My landlord won't return my security deposit and says their is damage beyond what I have paid. They claim that my pet has been urinating in the heating vents and they need to replace all the floors and ductwork. I know that is a great exaggeration as the heating system hasn't worked in the over 8 years I have lived there ( I have been using the electric heat backup). I feel I am being taken advantage of and would like to do something about it. The amount is $2,400.00
Submitted: 1 year ago.
Category: Landlord-Tenant
Expert:  Ely replied 1 year ago.
Hello and welcome to JustAnswer. Please note: (A) This is general information and is not legal advice. No specific course of action is proposed herein, and no attorney-client relationship or privilege is formed by speaking to an expert on this site. By continuing, you confirm that you understand and agree to these terms; and (B) the site allows experts not participate in phone calls and I may or may not be able to participate in this feature.
I am sorry to hear about this. The landlord is allowed to keep the deposit for any damage "beyond normal wear and tear" of the property post-move out. The issue is that landlords frequently exaggerate the damage and/or the costs needed to clean it.

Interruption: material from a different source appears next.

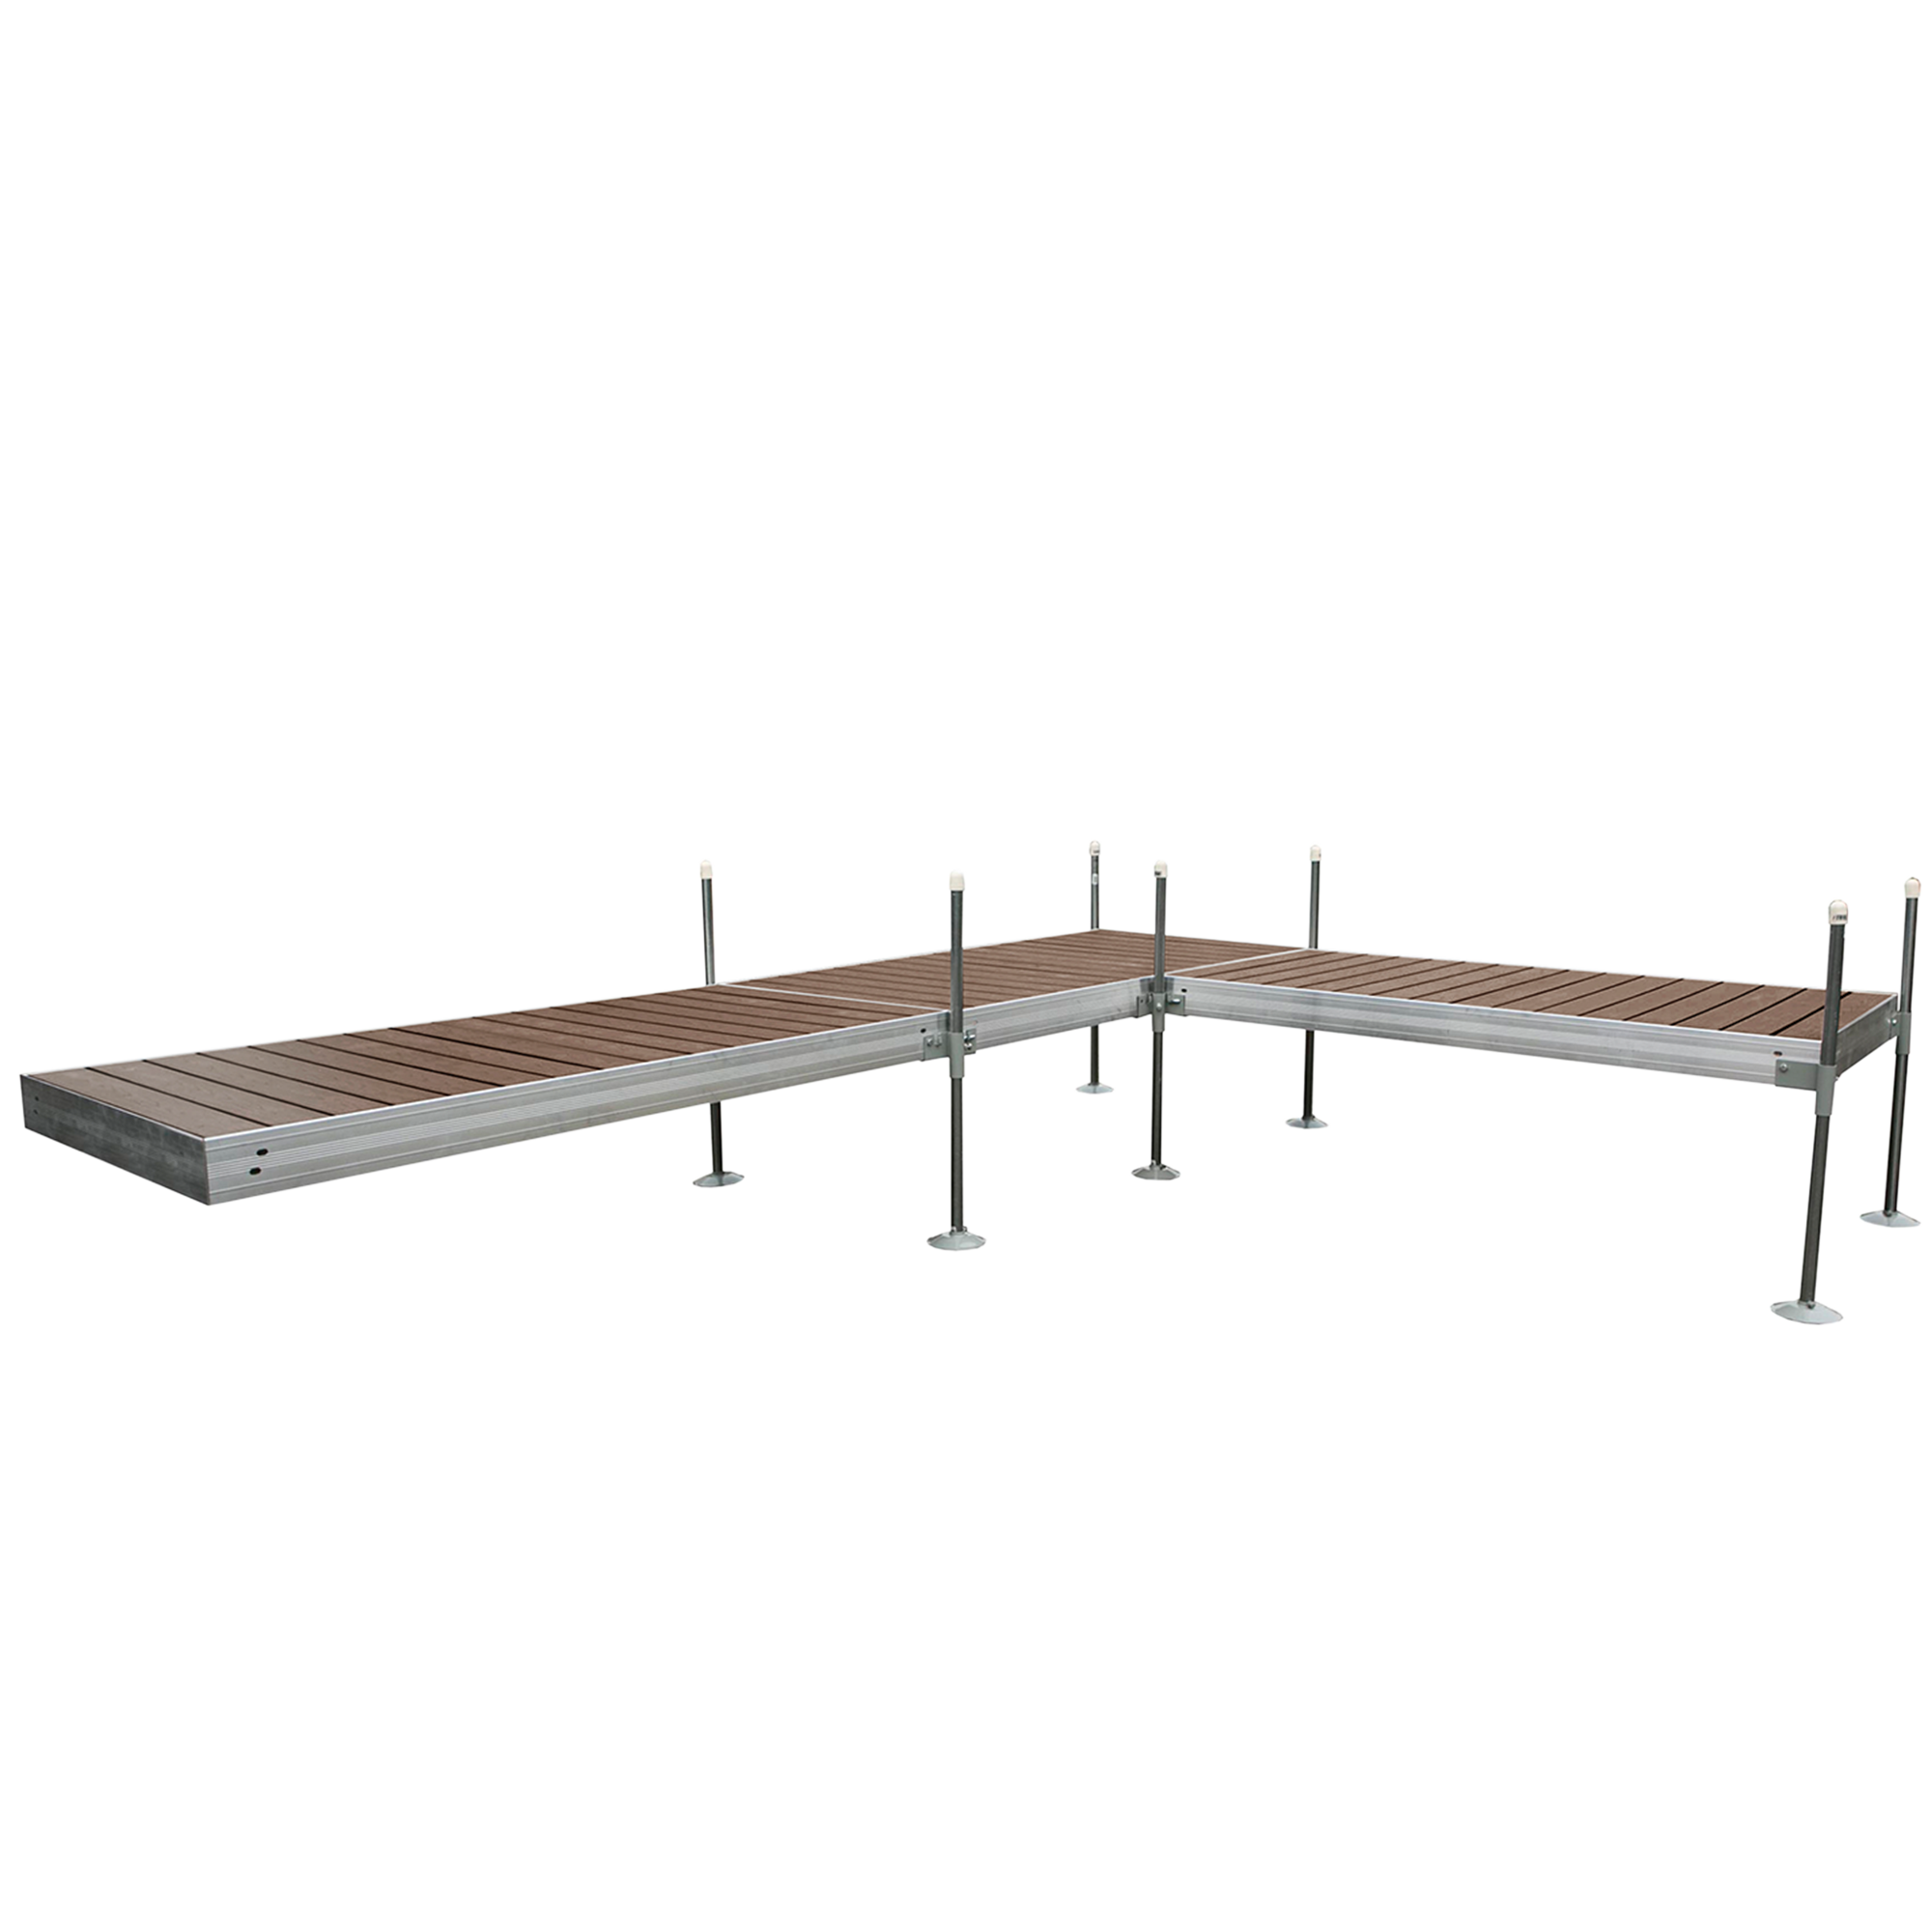 16' L-Shaped Boat Dock System with Aluminum Frame and Brown Composite Decking

The problem is that the withholding of the deposit is presumed to be correct unless the former tenant challenges it. So, it is up to the tenant to challenge it by going to SMALL CLAIMS COURT, asking for the deposit back. Then, the Court decides on whether or not the amount was proper to withhold. It is important in these cases to take photos before moving out and if this was done, this would be helpful. If not, then it is basically tenant's word versus the landlord and the Judge makes a decision going off oral testimony as well as any other evidence.
See here. Often, a letter threatening suit is enough to come to an agreement, since the landlord may with to avoid going to court.